In this chapter, we have reviewed how computational models shed new light on questions involving network formation and sprouting. Firstly, we discussed how computational models are used to test alternative hypotheses on the mechanisms that drive network formation. Cellular and environmental factors in these models are studied to predict their effects on angiogenesis. A comparison of experimental results and these computational predictions can show which mechanisms are most likely the driving forces of network formation. Secondly, we focused on computational models that provide new insights in the mechanisms of sprouting. These models address questions about the regulation of sprouting, such as the necessity and location of proliferation, dynamics of tip cell selection, and the influence of angiogenic factors and the extracellular matrix. The discussed models use different techniques to model cells: continuum models describe cells as densities, while discrete models represent them as particles. The functioning of endothelial cells depends on thousands of interacting proteins and genes. Cell-based models are discrete models that represent the results of these gene and protein interactions by a set of cell properties (e.g. cell and membrane size) and behaviors (e.g. adhesion and chemotaxis), suggesting that a few cell behaviors sometimes suffice to explain complex collective cell behaviors like angiogenesis [21].

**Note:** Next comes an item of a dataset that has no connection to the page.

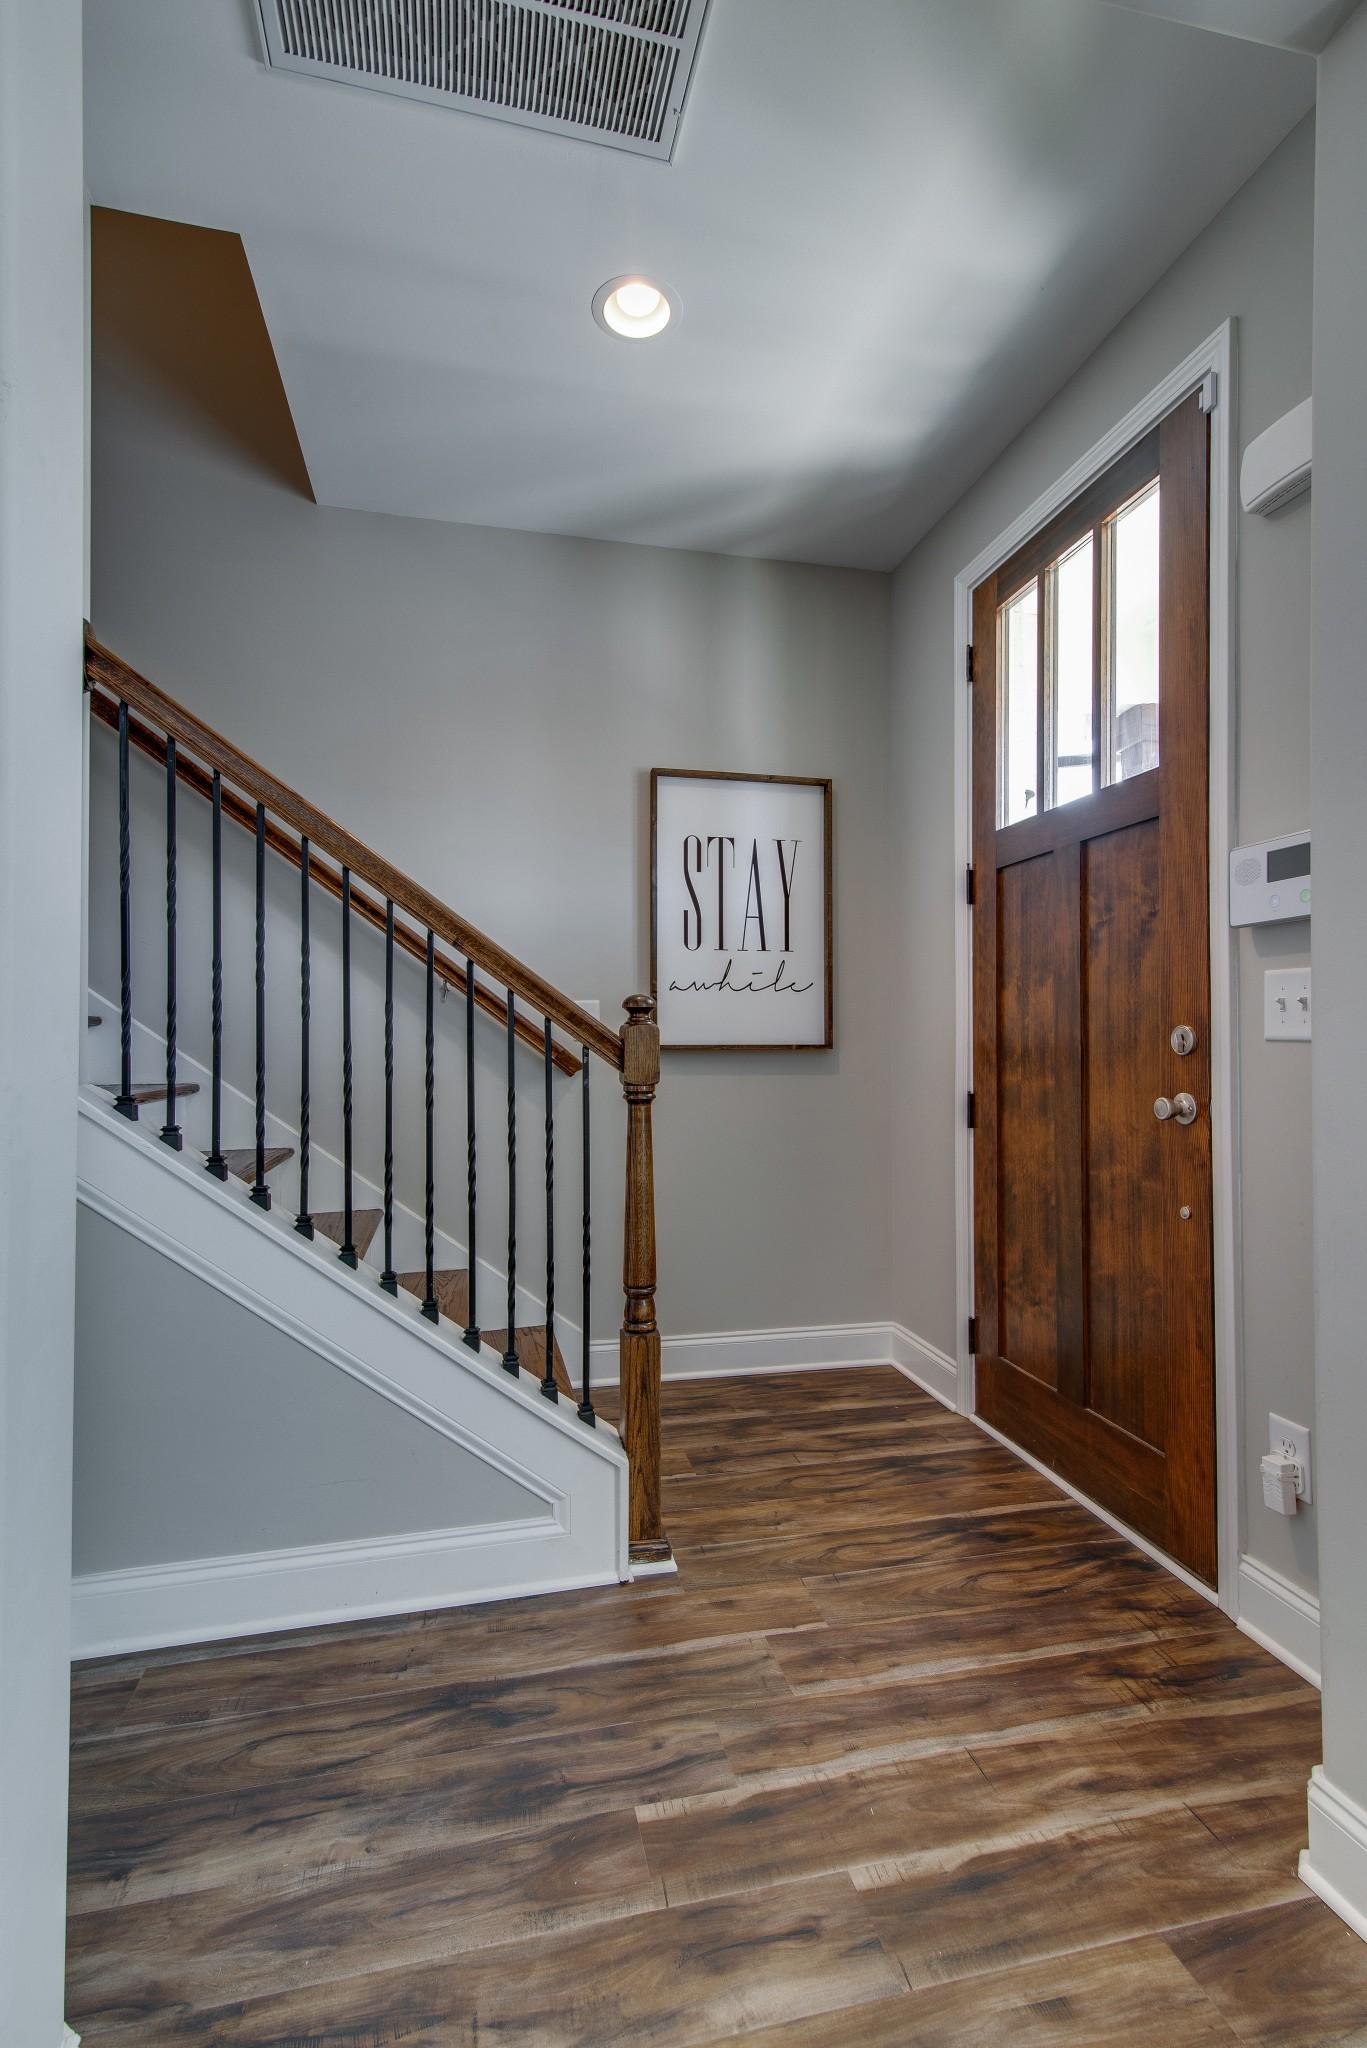 730 Old Hickory Blvd, Nashville, TN 37209 - Nashville, TN real estate listing

To illustrate this approach in more detail, we discuss a cell-based model to study angiogenic sprouting. This computational model is based on an in vitro model of sprouting in a fibrin matrix by Koolwijk et al. [1]. The model is used to formalize the mechanisms that are minimally required for sprouting and it predicts the effects on the dynamics of tube formation of varying cell properties, such as matrix degradation. Predictions from the model can lead to new insights and drive experimental research. The observations and results from the experimental research are crucial for the validation and further development of the computational model. A focus point for further study is the interaction of endothelial cells with the extracellular matrix. Various interactions with the matrix strongly influences sprouting, but it is difficult to separately study them experimentally. We plan to model the extracellular matrix itself and its interactions with endothelial cells in more detail and extend our model to a multi-scale model, including molecular, cellular and tissue levels, to gain insight in these interactions. In a close cooperation between experimental and computational biologists, we can reach a thorough understanding of how the interactions between multiple levels of organization lead to counterintuitive effects, which experiments alone would not unveil.

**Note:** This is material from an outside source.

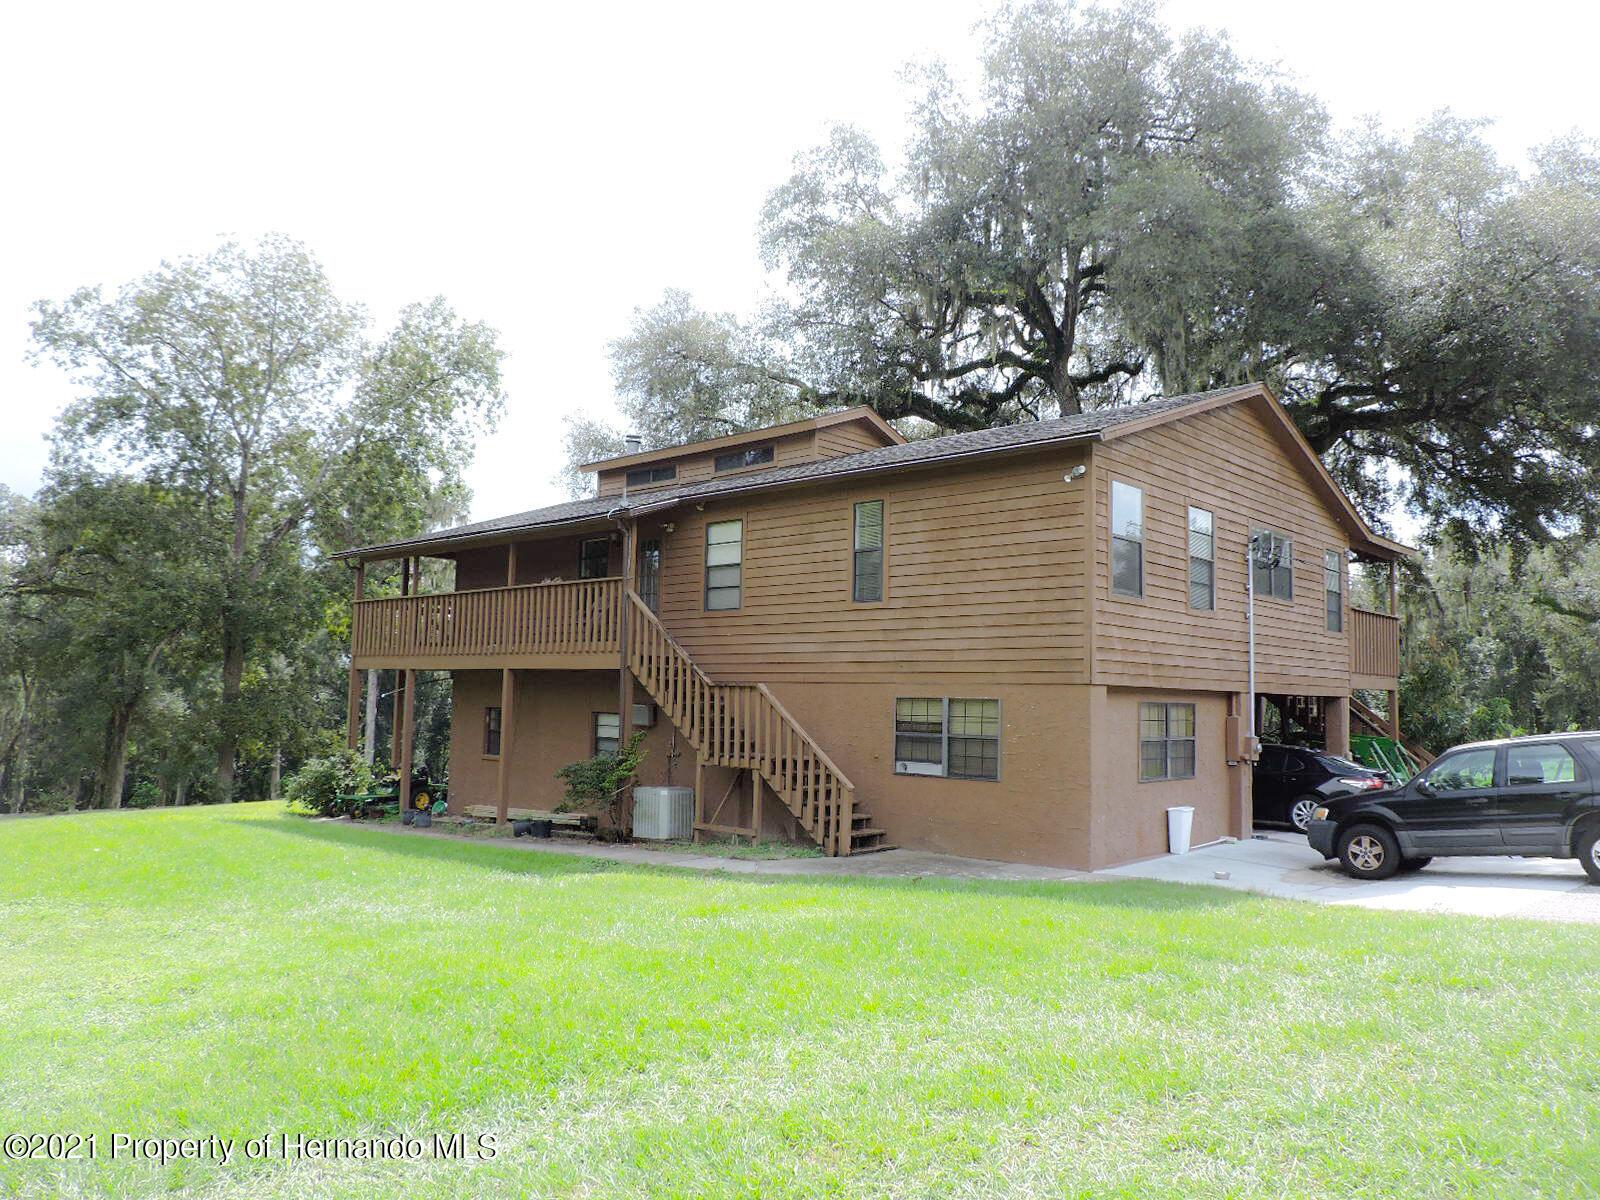 Details for 18530 Lake Iola Road, Dade City, FL 33523

Multi-scale modeling is thought to be the next step in computational modeling. If different scales and their interactions are modeled simultaneously, we can identify the global and local (side) effects of a therapeutic drug. Some multi-scale models of angiogenesis have already been developed [32–37], as discussed in Sect. 2. So far, many of these models are based on phenomenological rules and the results are direct results of the implemented rules. In order to make the step to explanatory rather than descriptive multi-scale models, a thorough understanding of the mechanisms at the separate levels is needed. A few international projects recognize this need for explanatory multi-scale models, like the Physiome Project and the Virtual Physiological Human Project [36]. We argue that cells and their behavior should still have a central role in these models, since cell behaviors and properties can also be observed and measured experimentally, which allows validation and quantification of the computational model. A constant feedback loop between computational and experimental models is thus needed to reach a functional and multi-level understanding of angiogenesis, a strategy called systems biology.